Pitney Bowes had many failed diversification initiatives over the years, including some of mine. However, we had successes on which future generations of leaders could build. The main difference is that we never made the one big bet Xerox made in 2010. The move into “digital commerce” that Pitney Bowes announced with its 2015 rebranding effort was the culmination of a great deal of multi-step foundational work begun in my time and continued over two successive leaders.
Pitney Bowes’ stock is far below its peak and it has lower revenues, operating profits, and numbers of employees and a smaller global footprint. However, I am highly confident that Pitney Bowes is on the right track, precisely because it did not place the one big, bold bet that Xerox has been forced to reverse. I would also note that the company’s focus on location intelligence software and mail services as growth platforms enable it to stay closer to the mailing equipment and service business in which it has been a leader.

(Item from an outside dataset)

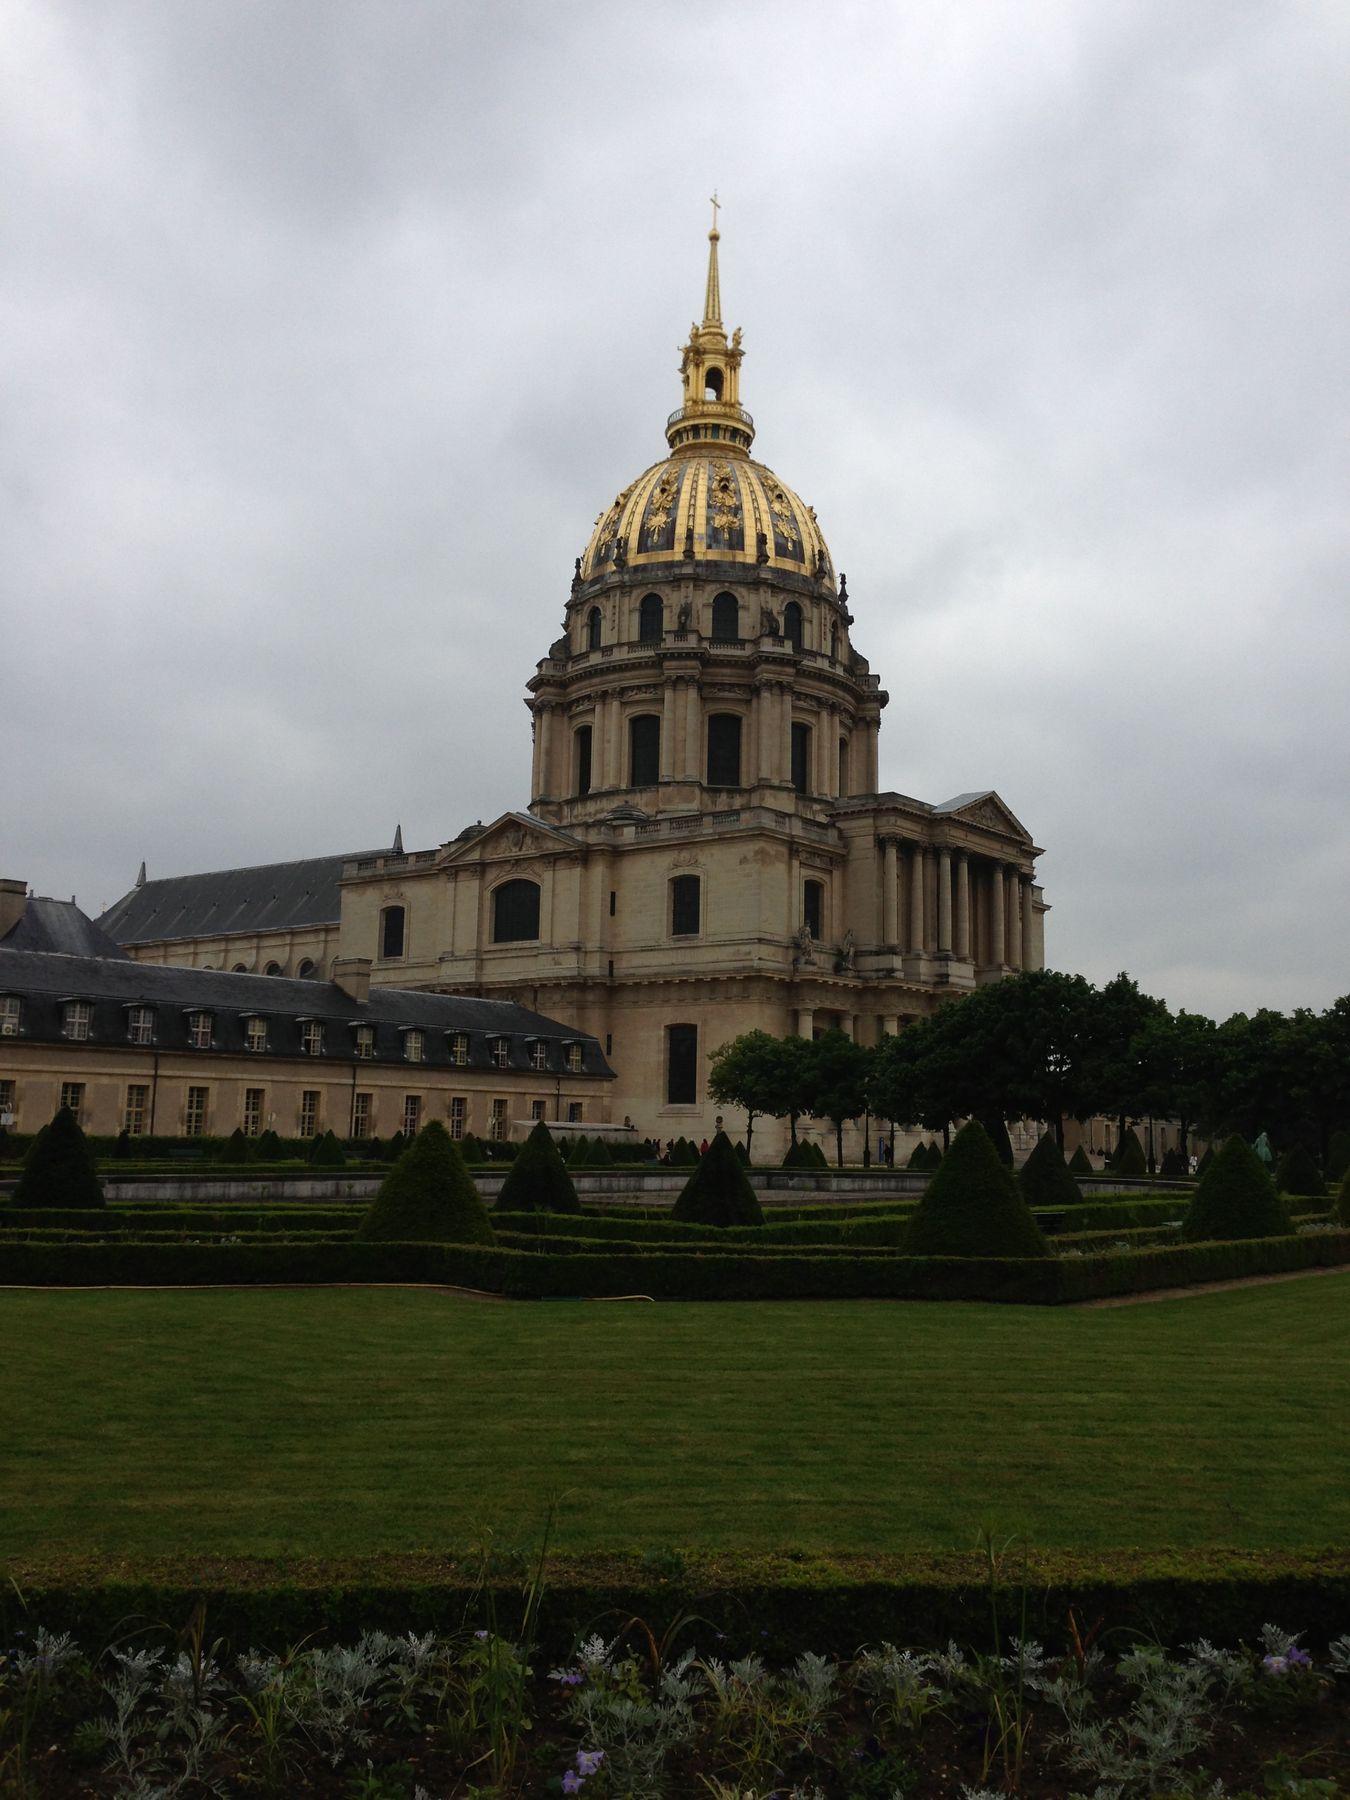 СОБОР ДОМА ИНВАЛИДОВ (ÉGLISE SAINT-LOUIS-DES-INVALIDES) Париж Собор дома инвалидов сад

I also feel good that we exited two potentially problematic diversification platforms during my tenure: office equipment (we were never going to be as good as Xerox in their core market) and financial services that were targeted at non-Pitney Bowes equipment and real estate. We were fortunate that, unlike GE, we were not surrendering as much revenue and profit as GE would ultimately confront as we exited financial services. That being said, as smart a move as hindsight shows we made, it was not obvious when we were considering it that it was as strategic as it turned out to be.
Companies with long and storied histories like Xerox survive these kinds of moves if the right leadership is put into place and figures out how to build on the core strengths of either of the businesses that will be separately listed and publicly traded. Only time will tell whether that happens.
I do want to commend both Anne and Ursula for their respective roles in bringing Xerox back from the dead and enabling it to have well more than another decade of productive life. Given how quickly major companies disappear today, that is no small accomplishment!